Akibat perbuatan tersebut negara mengalami kerugian sebesar Rp578.105.411.622,47 atau lebih dari setengah triliun rupiah sehingga memenuhi unsur tindak pidana korupsi.
“[Kerugian keuangan negaranya] adalah Rp578.105.411.622,47,” kata Abdul Qohar.
Pada awalnya sambung Qohar, kerugian keuangan negara sekitar Rp400 miliar saat itu, didapat setelah Pihaknya melakukan gelar perkara bersama Badan Pengawasan Keuangan dan Pembangunan (BPKP).
“Dituangkan dalam risalah hasil ekspos, sehingga kami yakin, setelah kami ekspos dengan BPKP waktu itu ditemukan kerugian sekitar Rp400 milir,”ujarnya
Jumlah kerugian negara akhirnya bertambah menjadi sebesar Rp578 miliar setelah BPKP melakukan penghitungan.

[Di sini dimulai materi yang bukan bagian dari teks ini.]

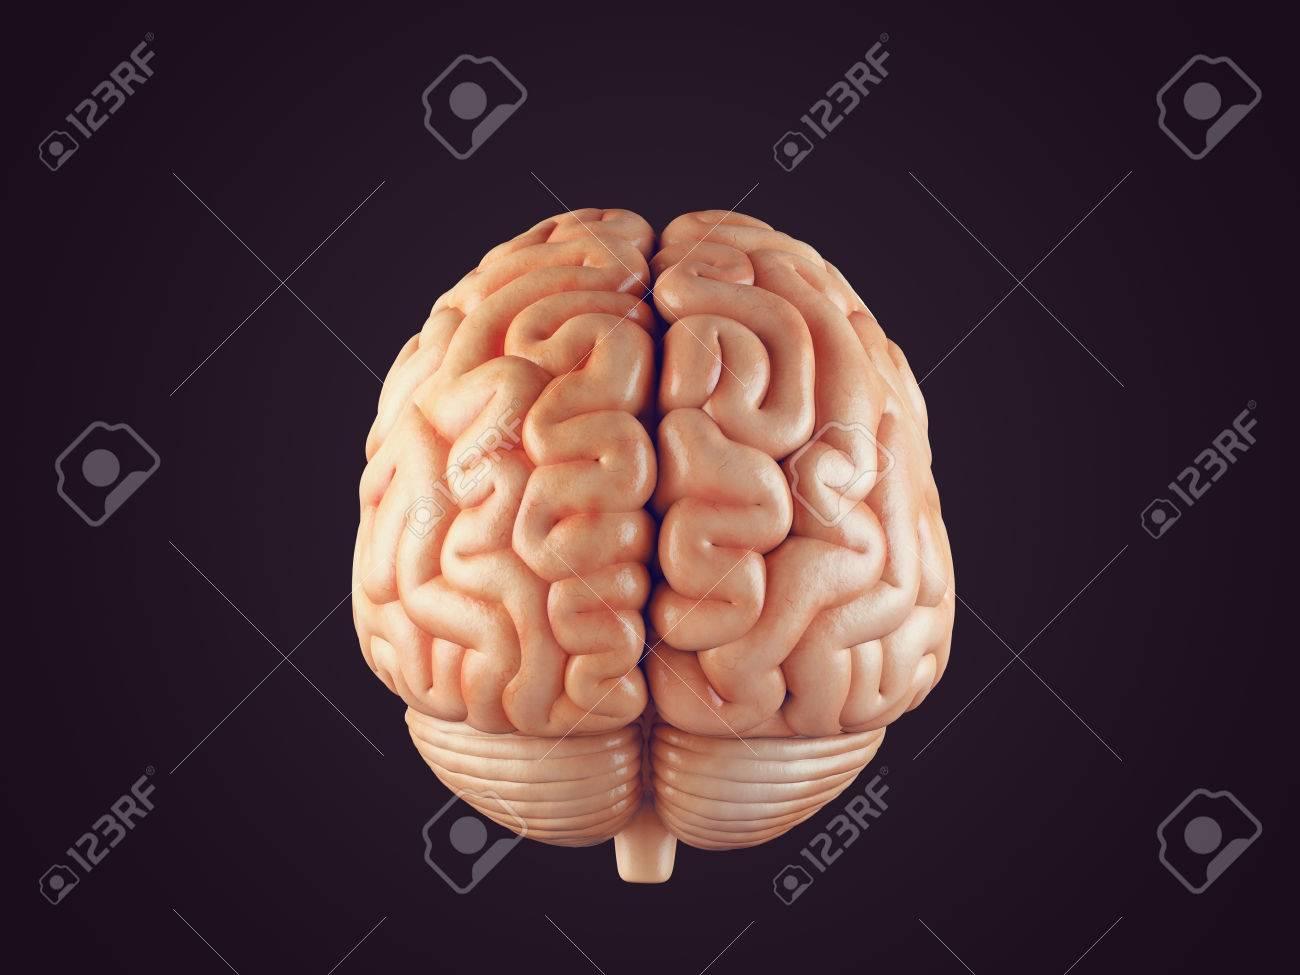 Realista 3d Ilustración De La Vista Frontal Del Cerebro Humano ...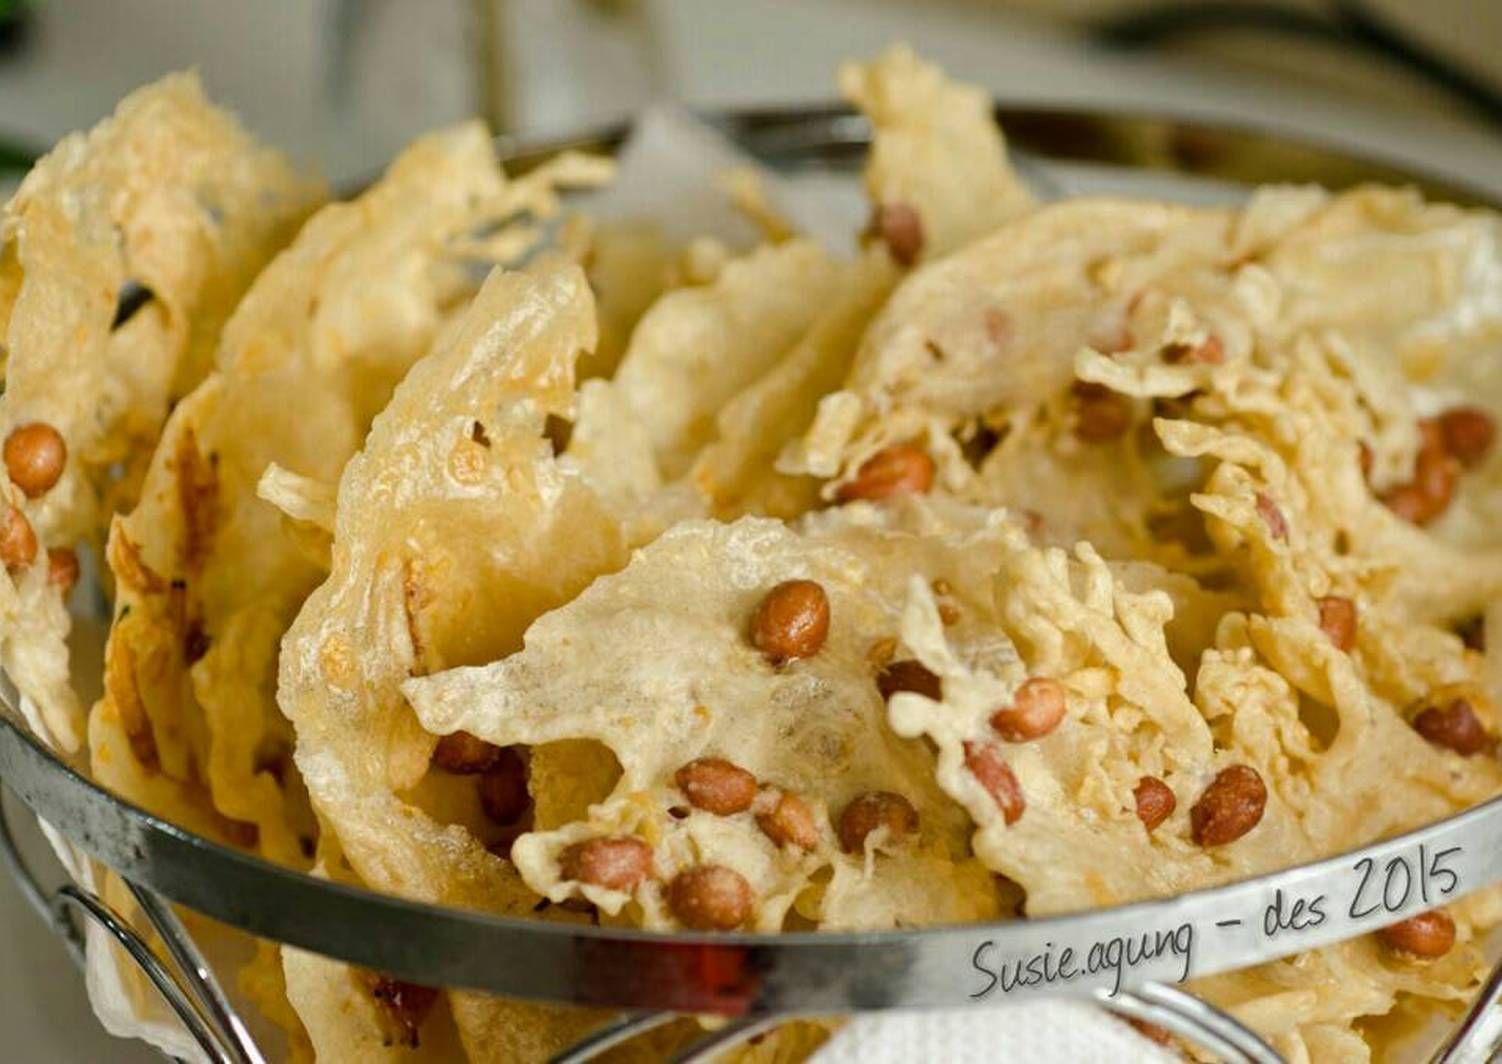 Resep Peyek Kacang Renyah Oleh Susi Agung Resep Makanan Dan Minuman Resep Makanan Masakan

Para tersangka dijerat Pasal 3 juncto Pasal 18 Undang-Undang (UU) RI Nomor 31 Tahun 1999 sebagaimana diubah dan ditambah dengan UU RI Nomor 20 Tahun 2001 juncto UU RI Nomor 31 Tahun 1999 tentang Perubahan atas UU RI Nomor 31 Tahun 1999 tentang Pemberantasan Tindak Pidana Korupsi juncto Pasal 55 Ayat (1) ke-1 KUHP (REN)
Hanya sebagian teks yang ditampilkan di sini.